- **TASK DIRECTIONS**
Restate exactly the lines below, from the one containing "Young caucasian woman" through the final line, and leave out the pictures.
==== RECORDED DATA
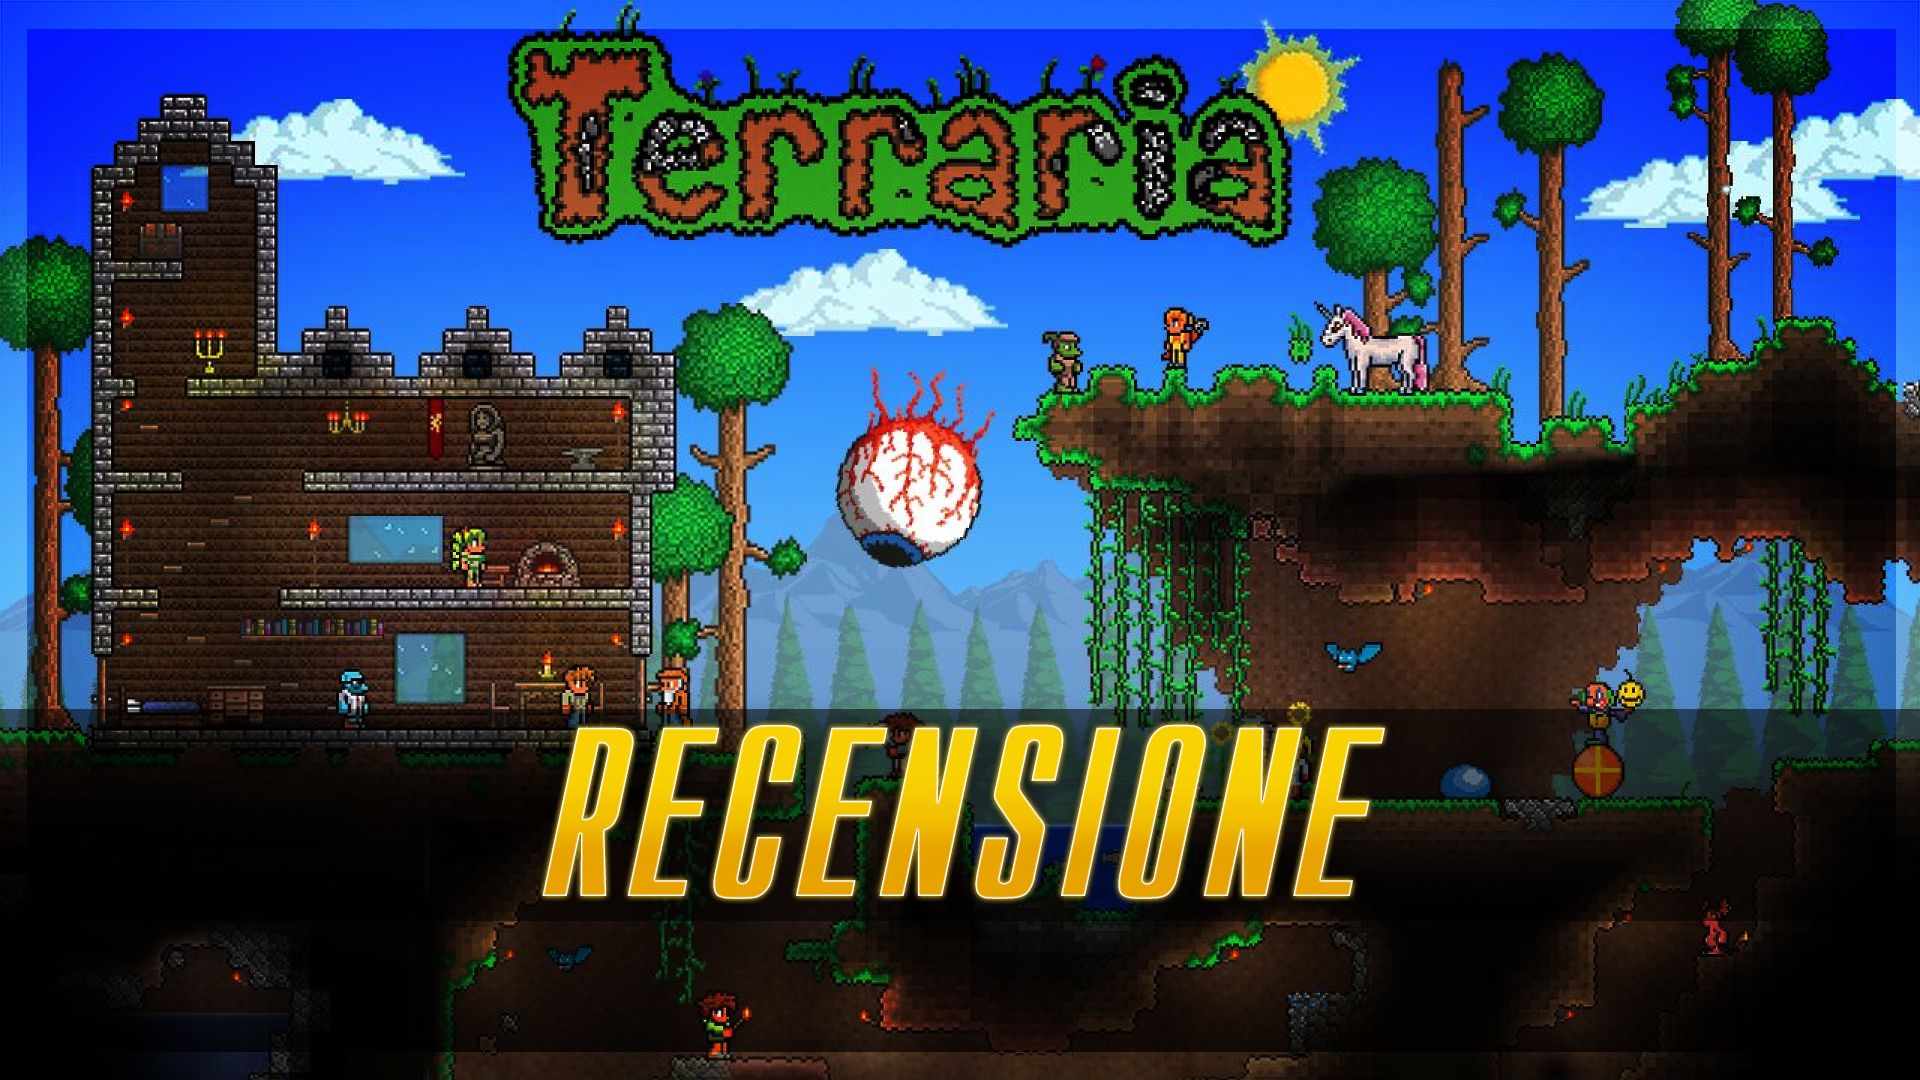 terraria on switch price
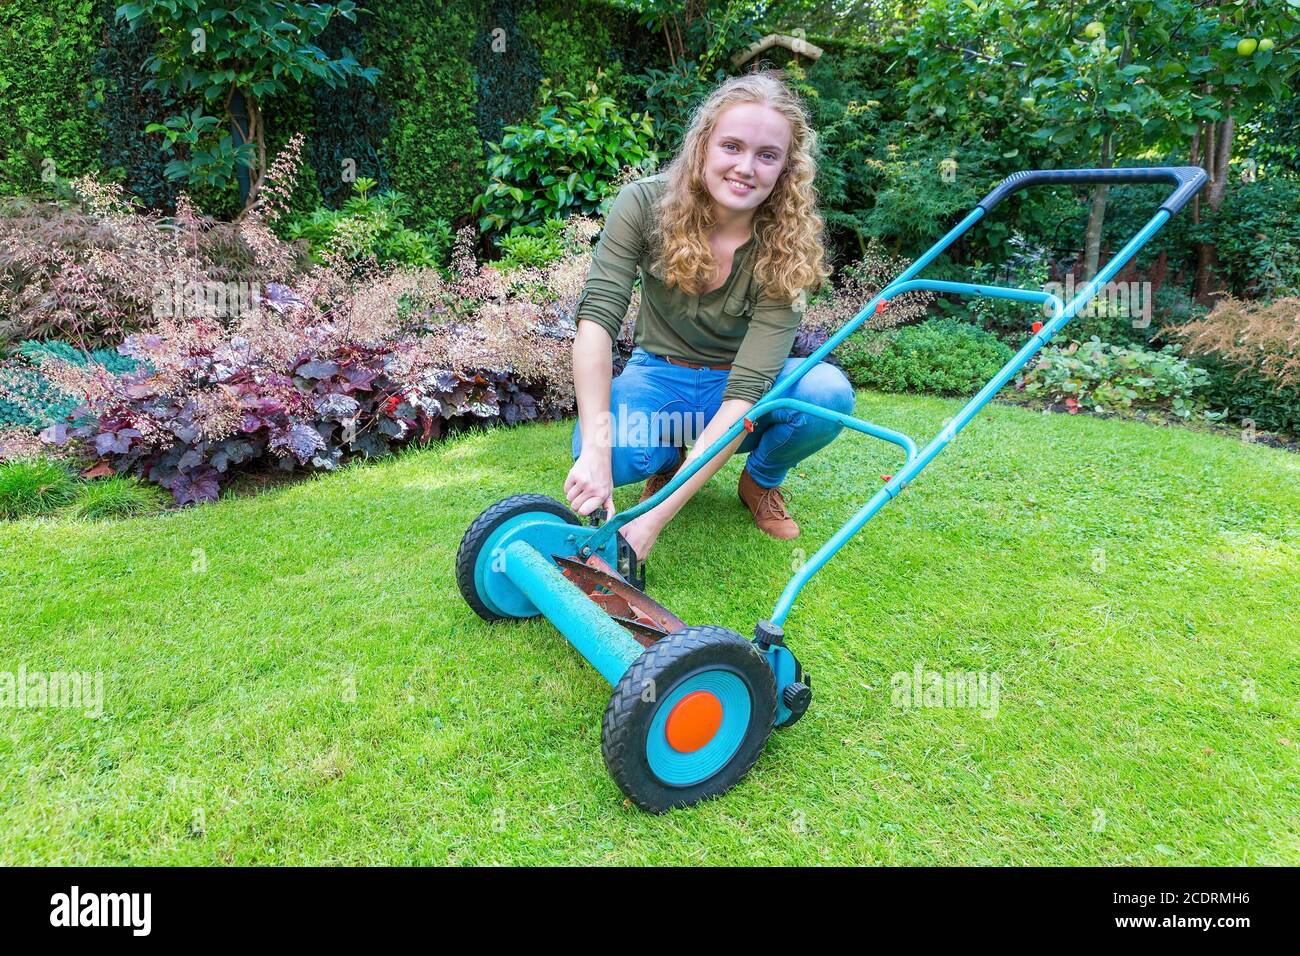 Young caucasian woman reparing lawn mower in garden Stock Photo
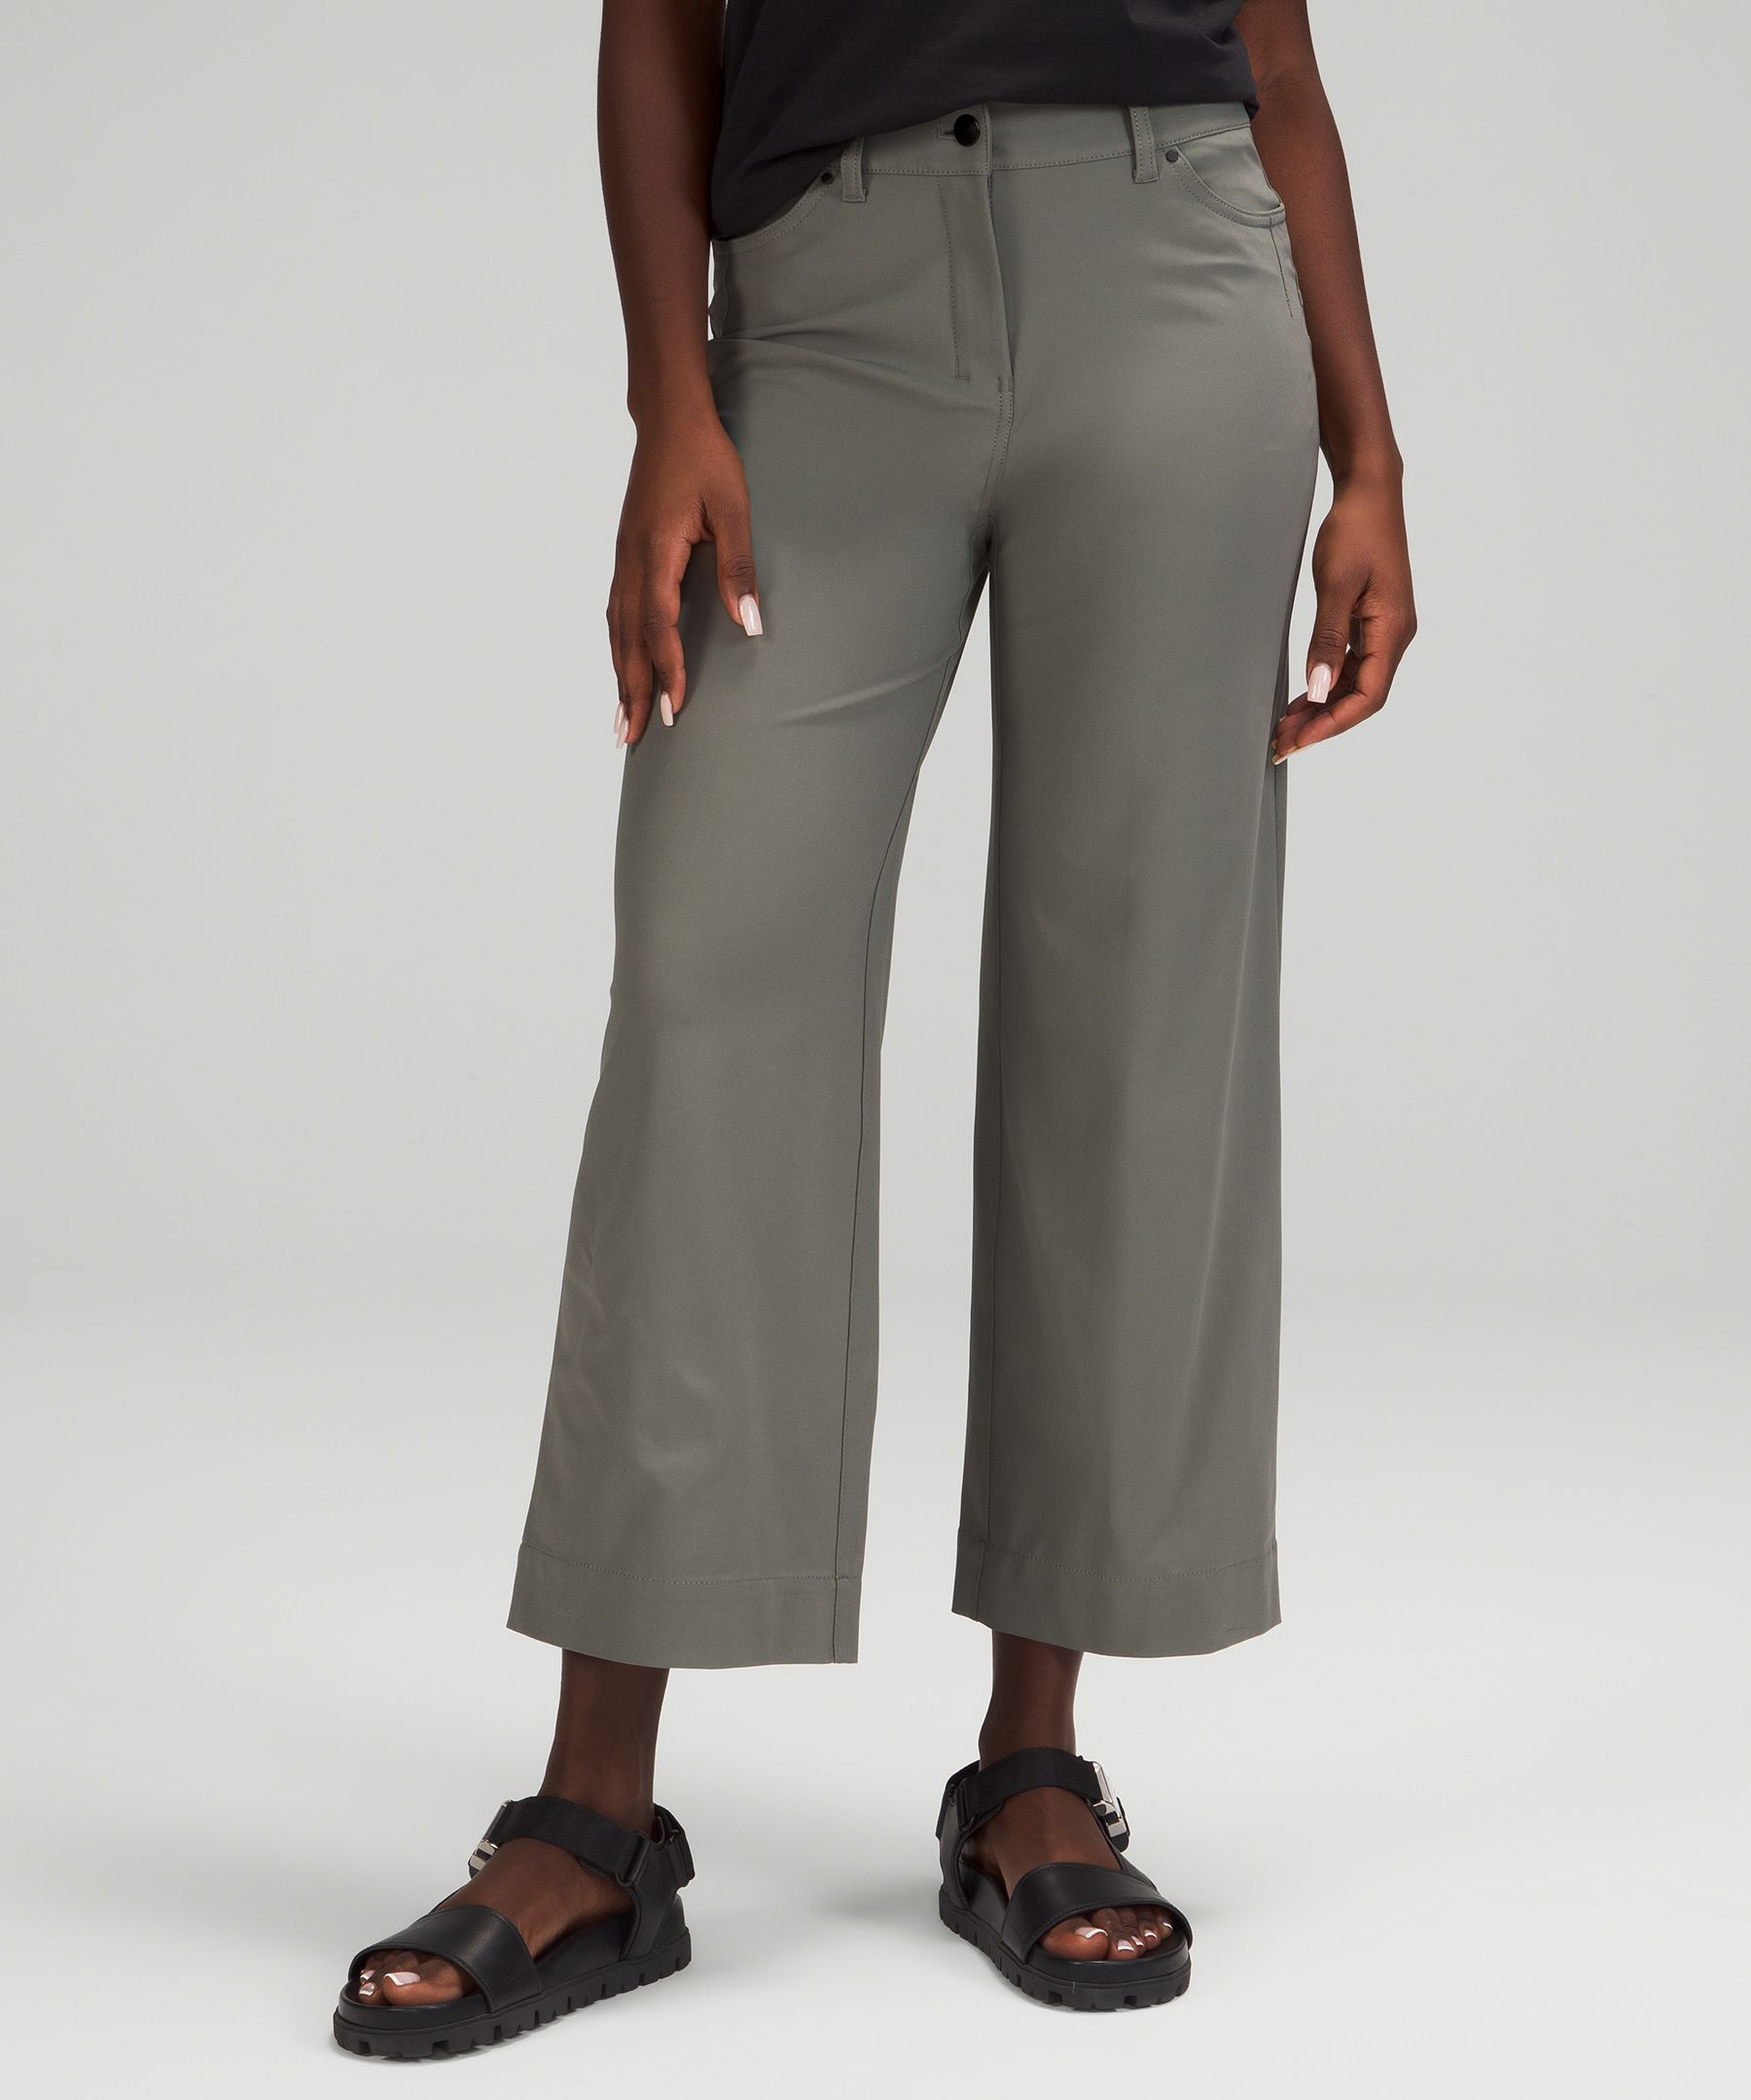 Lululemon - City Sleek 5 Pocket Wide-Leg High Rise 7/8 Length Pant
========
- **SOLUTION TO THE EXERCISE**
 Young caucasian woman reparing lawn mower in garden Stock Photo
 Lululemon - City Sleek 5 Pocket Wide-Leg High Rise 7/8 Length Pant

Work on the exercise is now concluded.